Types of personal data:
All types of data

Security:

  • The separation of virtual hardware is controlled by the hypervisor (hardware emulator);
  • Data is saved in triplicate
  • Data is backed up once (Purpose: disaster recovery) across multiple data centres

Updates:
Updating of the OS, services and software is performed manually in accordance with the fixed maintenance schedule.

Note:
The above relates to the platform on which the VPS is running. You determine which operating system, functionalities and security are applied to the VPS.

daDup.eu

Purpose: 
To store data

Types of personal data:
With client-side encryption: All types of data. Without client-side encryption: All types of data, other than personal data. 

Security:

  • Connections between the client and daDup.eu can be secured by the use of SSL;
  • Verification is done by means of access key and secret key;
  • Data is saved in triplicate;
  • No data is backed up;

Updates:
Updating of this services is performed manually in accordance with the fixed maintenance schedule.

Diskbayonline.nl

Purpose: 
The colocation of a hard disk and making it available in a VPS

Types of personal data:
All types of data

Security:

  • The separation of virtual hardware is controlled by the hypervisor (hardware emulator);

Updates:
Updating of the OS, services and software is performed manually in accordance with the fixed maintenance schedule.

Note:
The above refers to the platform on which the VPS is running and your disk is installed. You determine which operating system, functionalities and security are applied to the VPS.

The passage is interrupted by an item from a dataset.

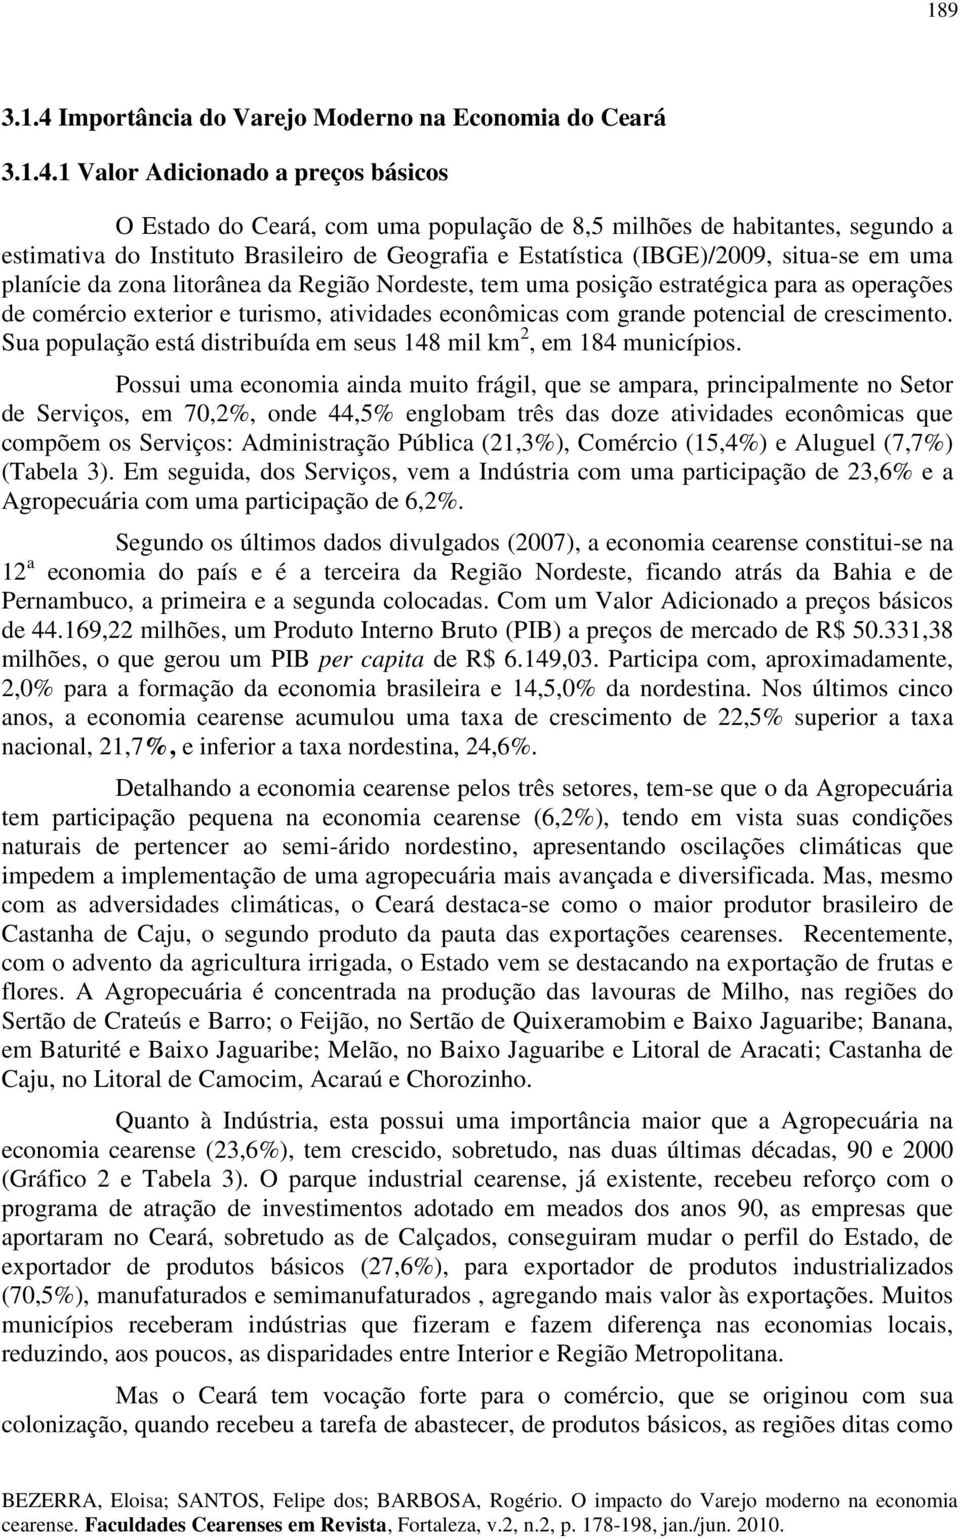 1 Valor Adconado a preços báscos O Estado do Ceará, com uma população de 8,5 mlhões de habtantes, segundo a estmatva do Insttuto Braslero de Geografa e Estatístca (IBGE)/2009, stua-se em uma planíce

Private Cloud/Private Cluster

Purpose: 
To have a hypervisor available;

Types of personal data:
All types of data

Security:

  • The separation of virtual hardware is controlled by the hypervisor (hardware emulator);
  • Connections between client and administration console are forced to be secured by SSL;
  • Data is in triplicate stored unless otherwise agreed;

Updates:
Updating of the OS, services and software is performed manually in accordance with the fixed maintenance schedule.

Note:
The above relates to the platform on which the hypervisor is running. You determine which operating system, functionalities and security is running on that hypervisor.